Fearing that New York might very well reject the proposed Constitution, Alexander Hamilton decides to take up the pen and respond to the State's Anti-Federalist authors. Hamilton enlists the help of James Madison and John Jay, and on October 27, 1787 the first essay by "Publius" is published. The three authors write at a prodigious rate, with as many as four essays appearing weekly in New York newspapers. The final (eighty-fifth) Federalist essay appears on May 28, 1788. As it turns out, by then nine states have already ratified, thereby undermining the importance of New York's vote. Still, The Federalist almost immediately becomes the recognized authority on the meaning of the Constitution. It remains so today.
1788: Madison is a vocal and influential participant in the Virginia State ratifying convention. Virginia becomes the tenth State to ratify the Constitution. Shortly thereafter Madison is elected to the U.S. House of Representatives.
1789: Madison takes a seat in the U.S. House of Representatives and single-handedly assumes responsibility for preparing a bill of rights for the Congress to consider as amendments to the Constitution.
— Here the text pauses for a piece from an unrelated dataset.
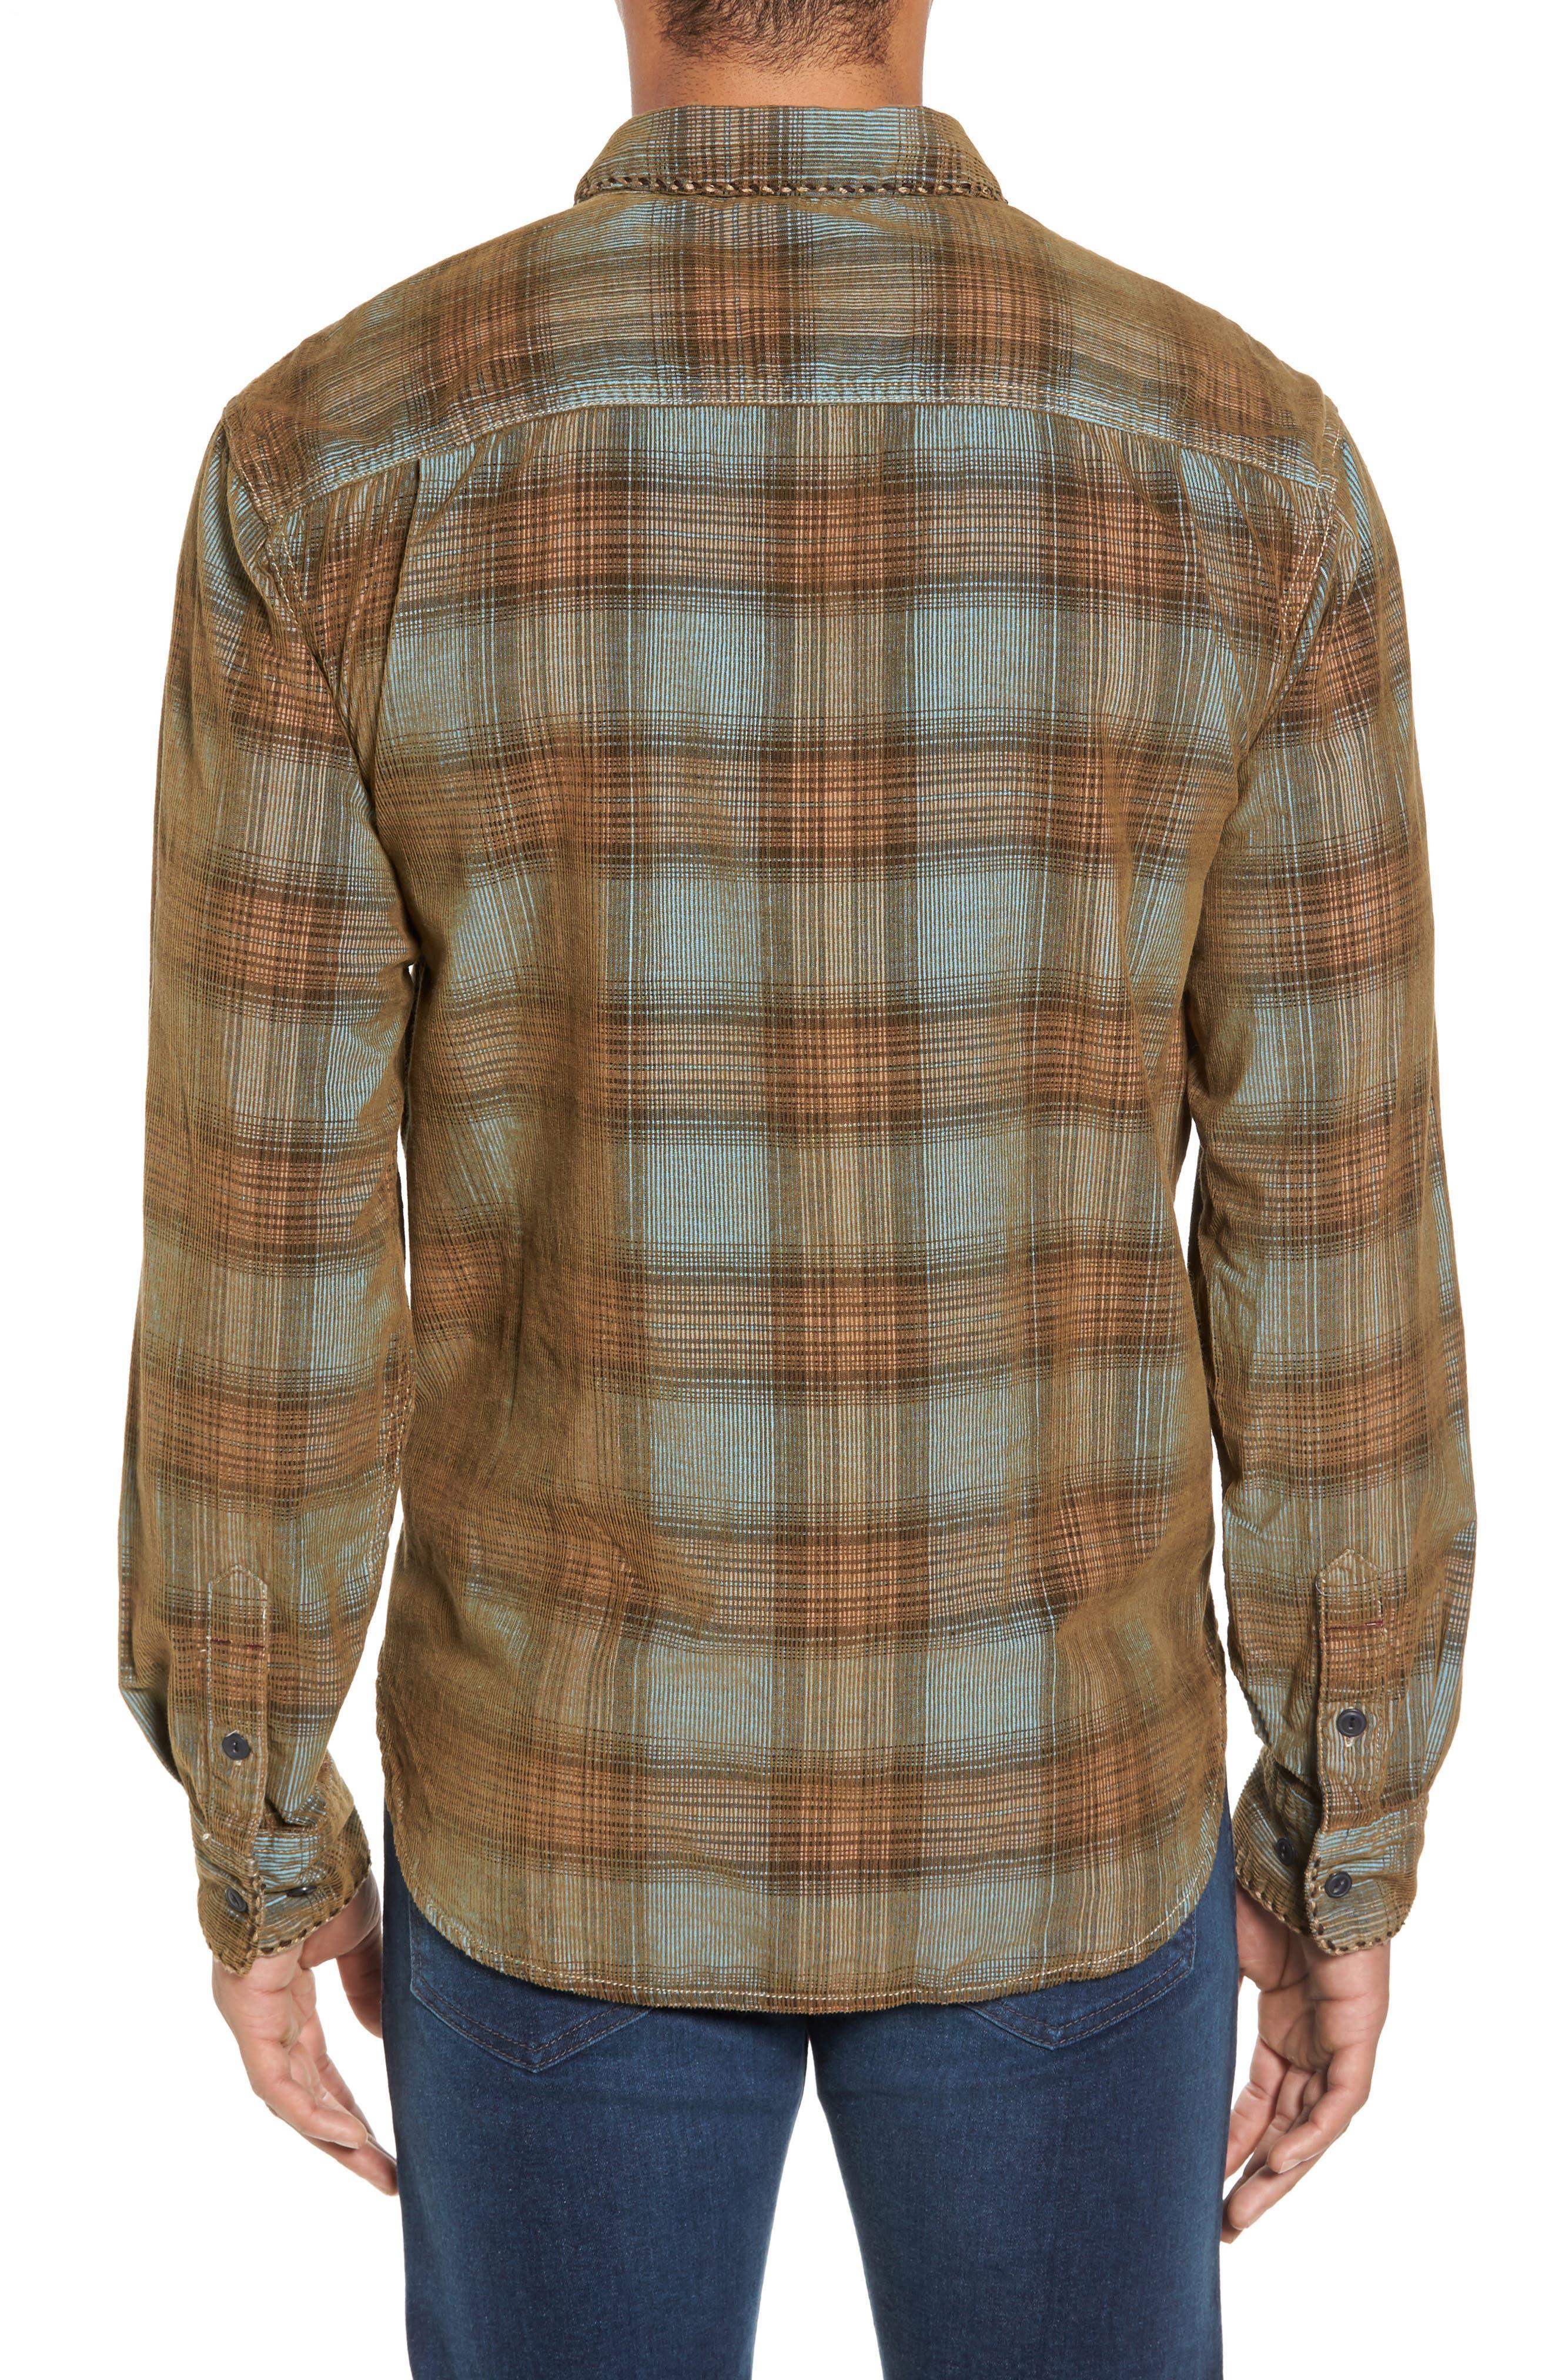 Alternate Image 2  - True Grit Ventura Vintage Slim Fit Plaid Corduroy Shirt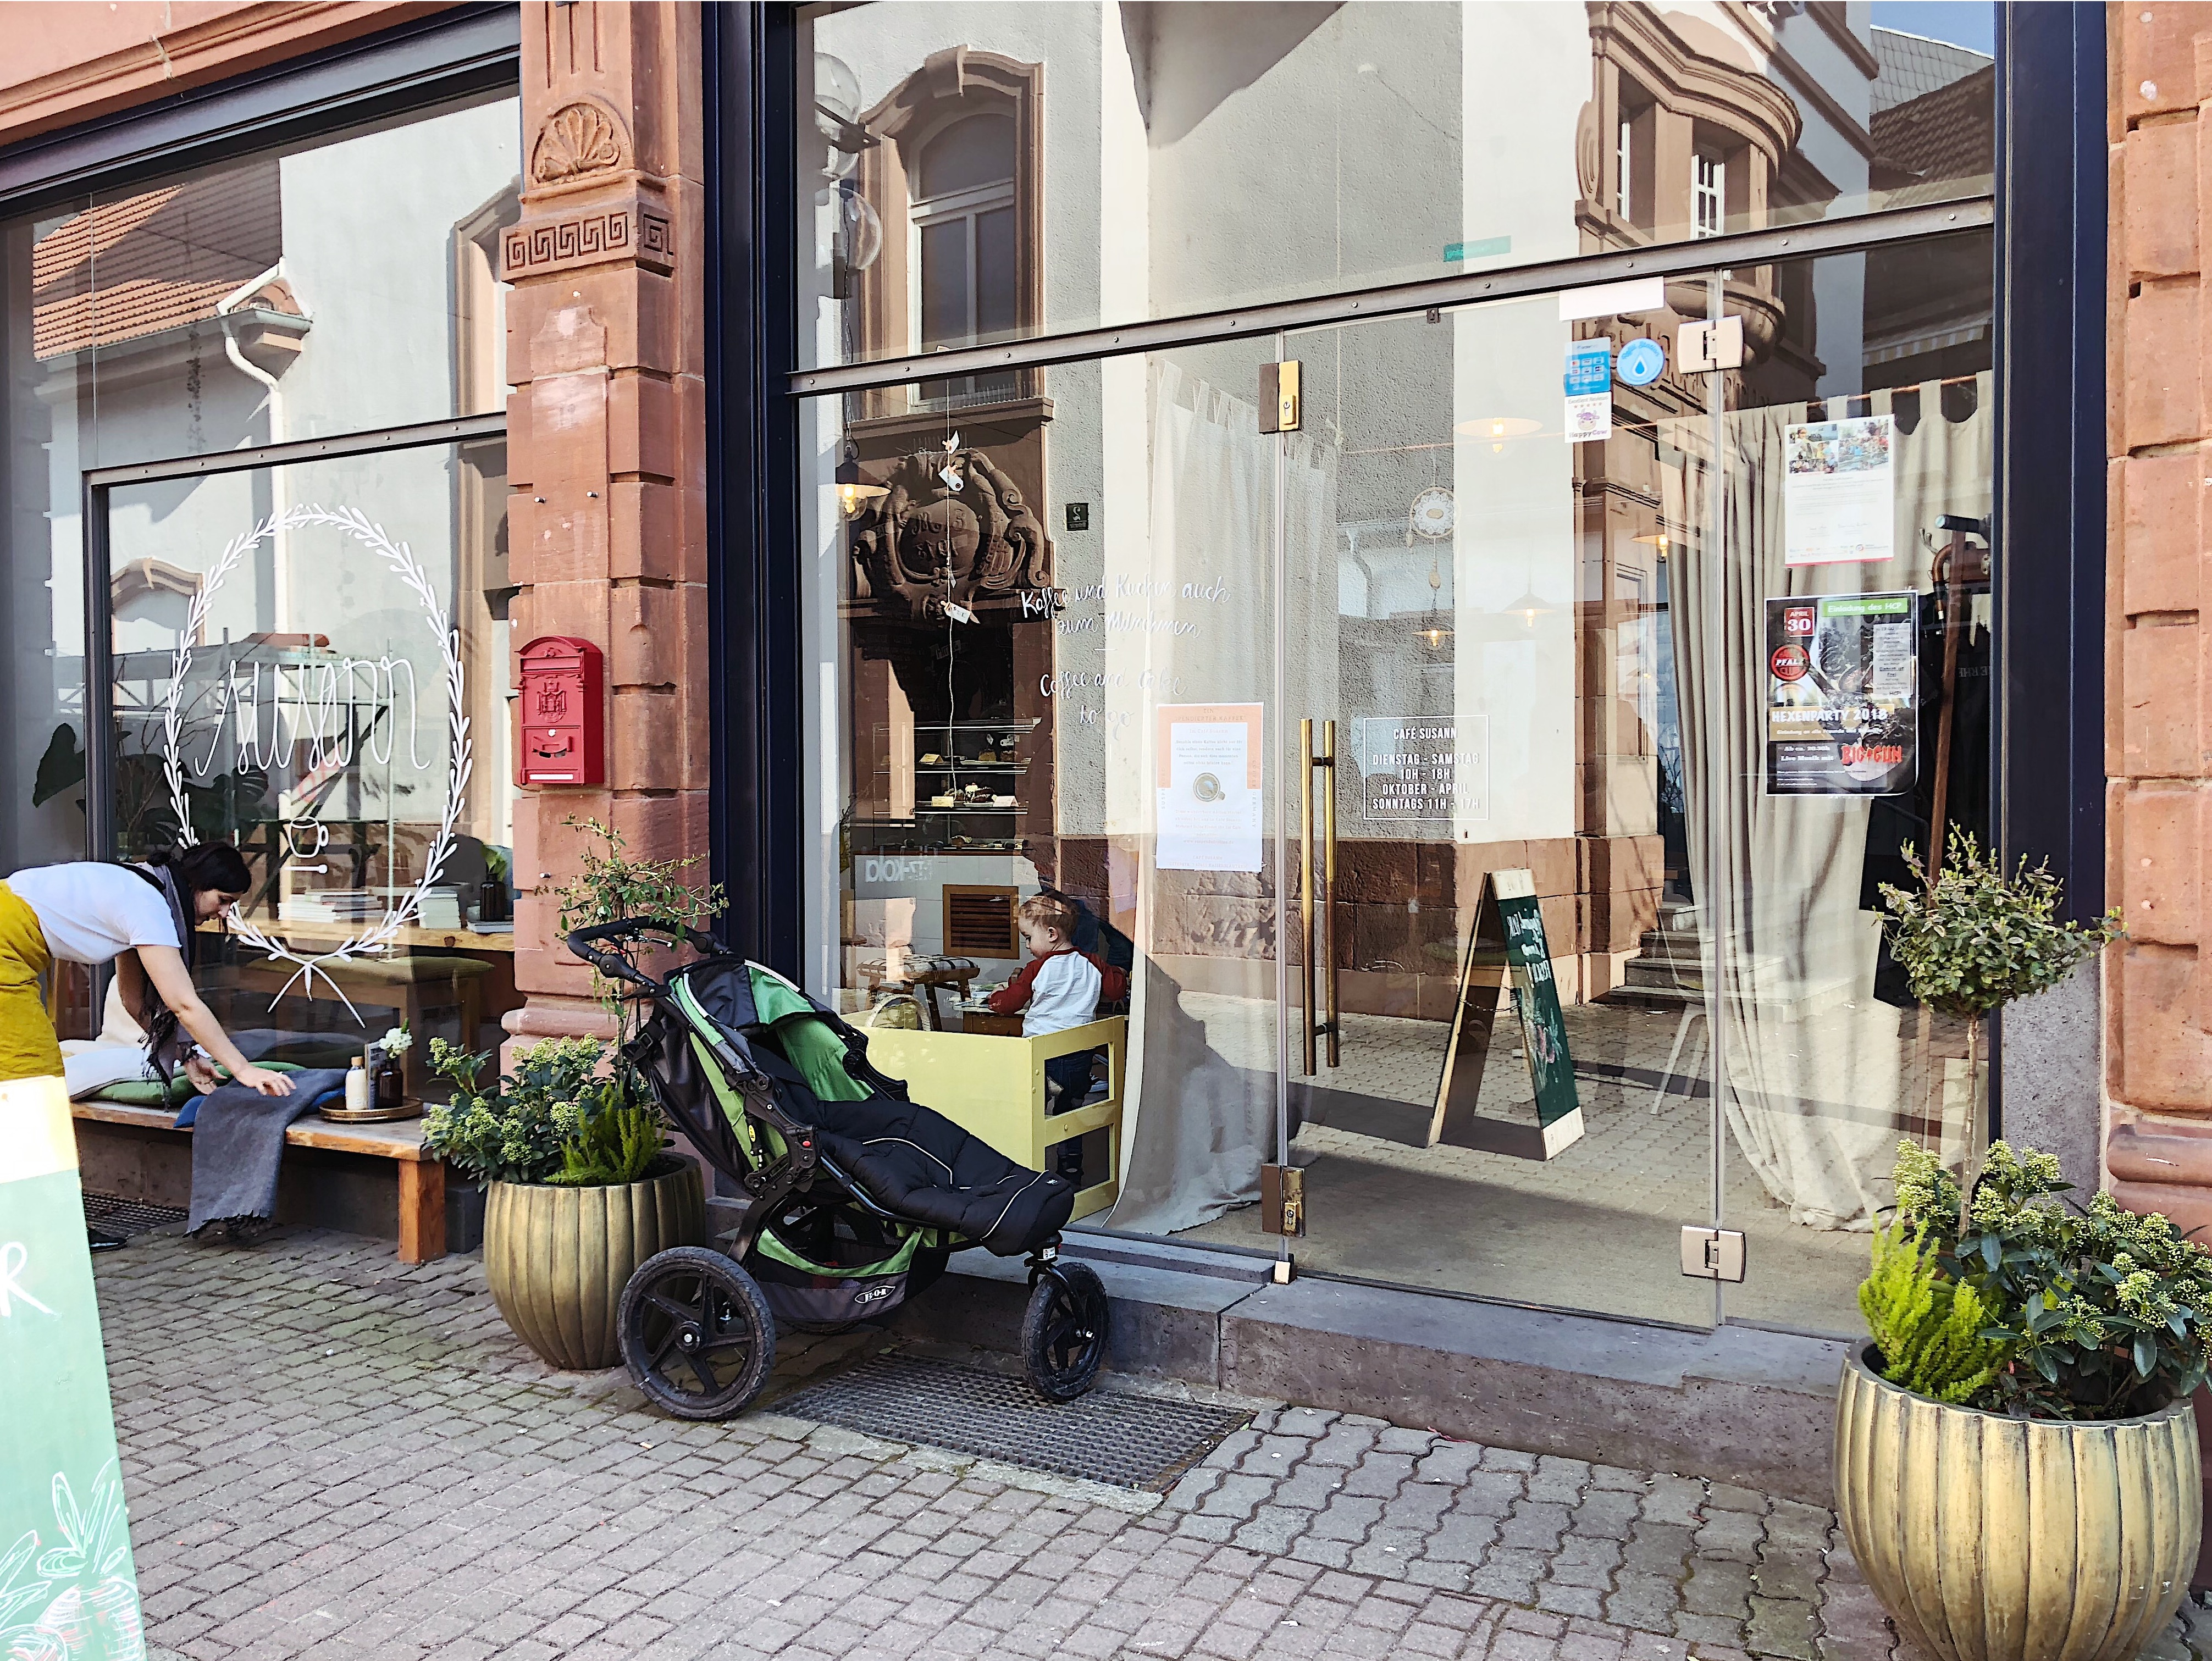 cafe-susann-kaiserslautern-street-view

Sifting through nearly two hundred amendments proposed by the states, Madison puts together a list that focuses on the protection of private rights. His dogged determination is largely responsible for the adoption of the Bill of Rights. Still, he doesn't get everything he wants. The amendment that he considers "the most valuable . . . on the whole list"--a prohibition on the state governments against violating rights of conscience, freedom of the press, and trial by jury in criminal cases--is defeated during congressional debate. These rights (and others) will not apply to the state governments until well into the 20th century.
1791: The Bill of Rights is adopted when in December Virginia approves it, reaching the constitutionally required mark of three quarters of the states.